A long-standing symbol of the diverse Galapagos Island ecosystem that Charles Darwin based his theory of evolution on has died. Lonesome George was the last of the Pinta Island giant tortoises. And with his death an entire subspecies of giant tortoises is now believed to be extinct.
He lived out the final years of his life at the Charles Darwin Research Center in the Galapagos Islands where over 180,000 visitors each year flocked to see what Darwin saw.
He lived with a female tortoise from a different tortoise subspecies for 15 years but all attempts to continue George’s genetic line failed. Though he died at 100 that’s not particularly old for this species of tortoise. He was expected to live another 100 years.

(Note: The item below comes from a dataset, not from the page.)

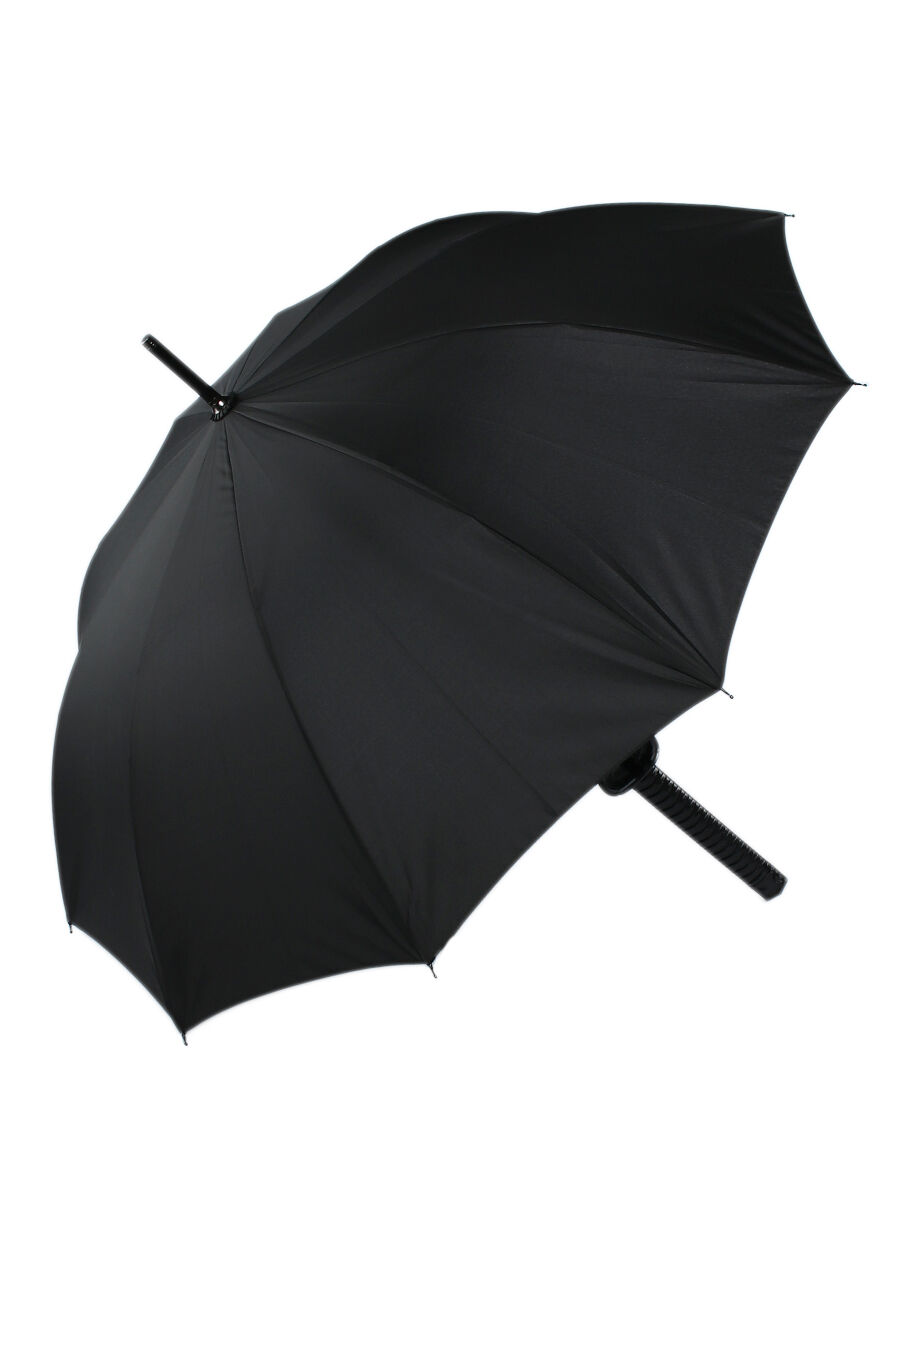 Зонт муж. Universal 998 полуавтомат трость (черный)

His keeper says that last time he saw the giant George he was crawling on some stones. Then Fausto Llerena had to leave. When he returned he says Lonesome George was dead. When he saw the deceased tortoise Llerena says, “I tell you, I froze completely.”
Yale University tortoise expert Gisella Caccone says, “It’s devastating to me.” The researcher has been working with Galapagos giant tortoises for 20 years and had quite a bond with Lonesome George.
No one knows what killed Lonesome George but the national park will conduct a autopsy. After the investigation is complete Edwin Naula, the director of the Galapagos National Park says that the tortoise will be embalmed and put on display so visitors can still come to see Lonesome George.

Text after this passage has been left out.